Now, I am an old man, Sadie, may she rest in peace, is gone, and my children have grown and have families of their own. Most of them moved further west, one returned to the East. Pete has stayed nearby and sustains me, whenever the memories of things that are no longer here become overwhelming.

I look at the young ones whose day has supplanted mine, and I do not fail to remind them of the prowess I used to have, of the battles I fought to turn this country into a livable home. I was a man in every sense of the word, a man in whose heart burned the spirit that built this land from nothing. I was more of a man than him. But now, I am old, and forgotten by the green hills where I courted Sadie, and by the river that flows past, going to cities that did not exist in my time.

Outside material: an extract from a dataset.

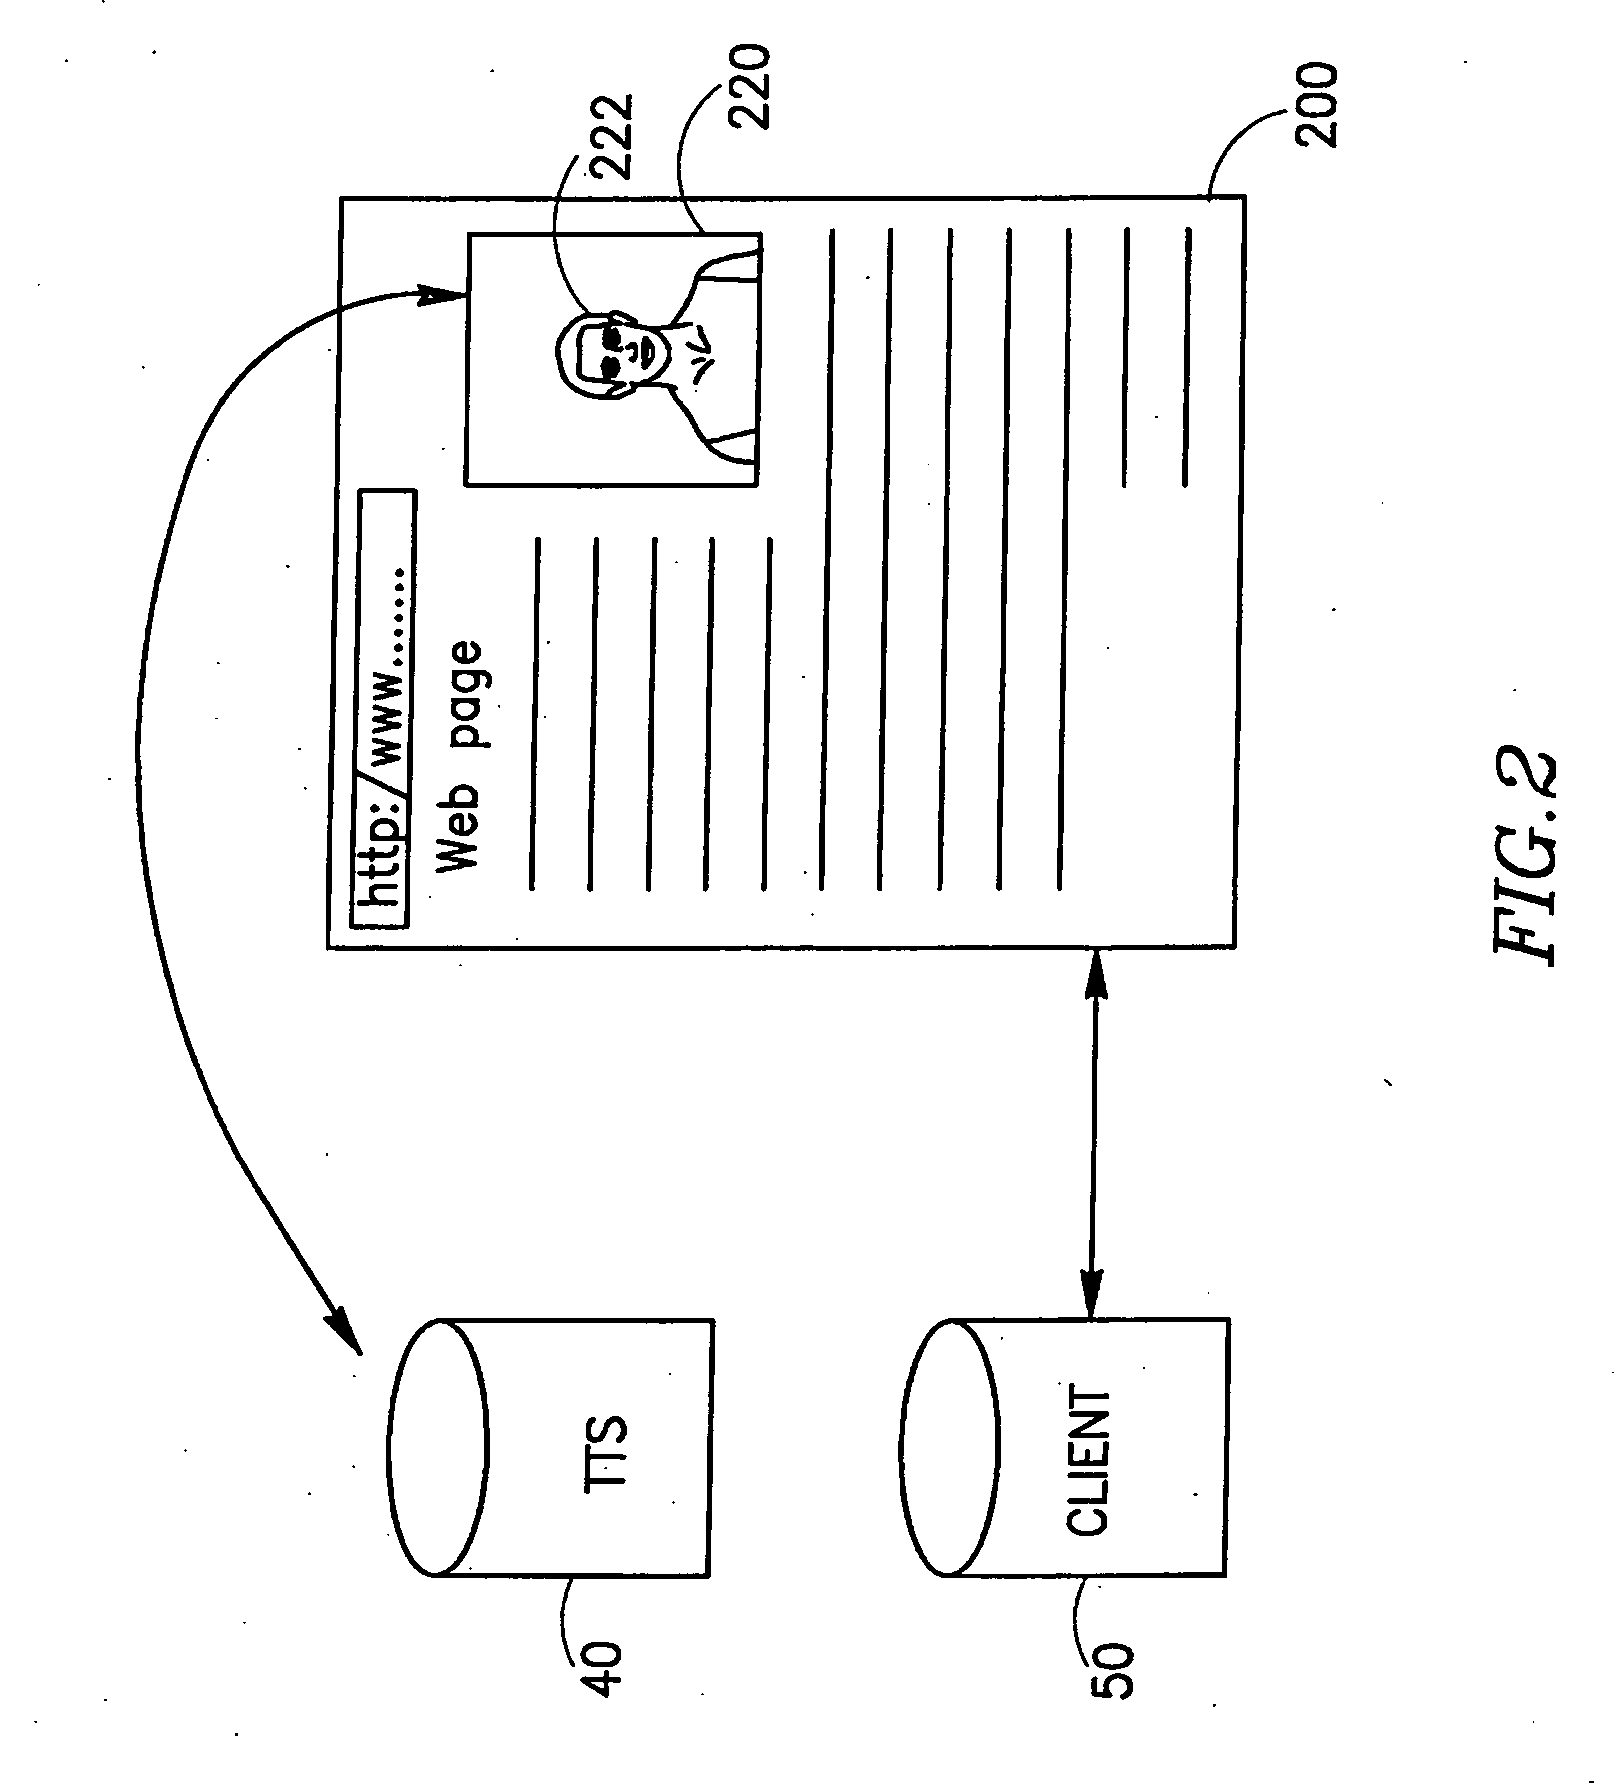 System and method for a real time client server text to speech interface

I look over, beyond the edge of my property, to see the sprawling orchards of the apple trees, blossoming profusely with pink and white flowers, handing basketsful of apples to the generations that have inherited the earth with generous, dipping branches that are just like him. I see the children climbing in the trees and playing in them, I see mouths chewing on the apples, wet and happy, I smell apples being baked on the wind and hear jubilant voices celebrating what they will be eating for supper.

I was more of a man than him.

But everywhere, there are apple trees growing.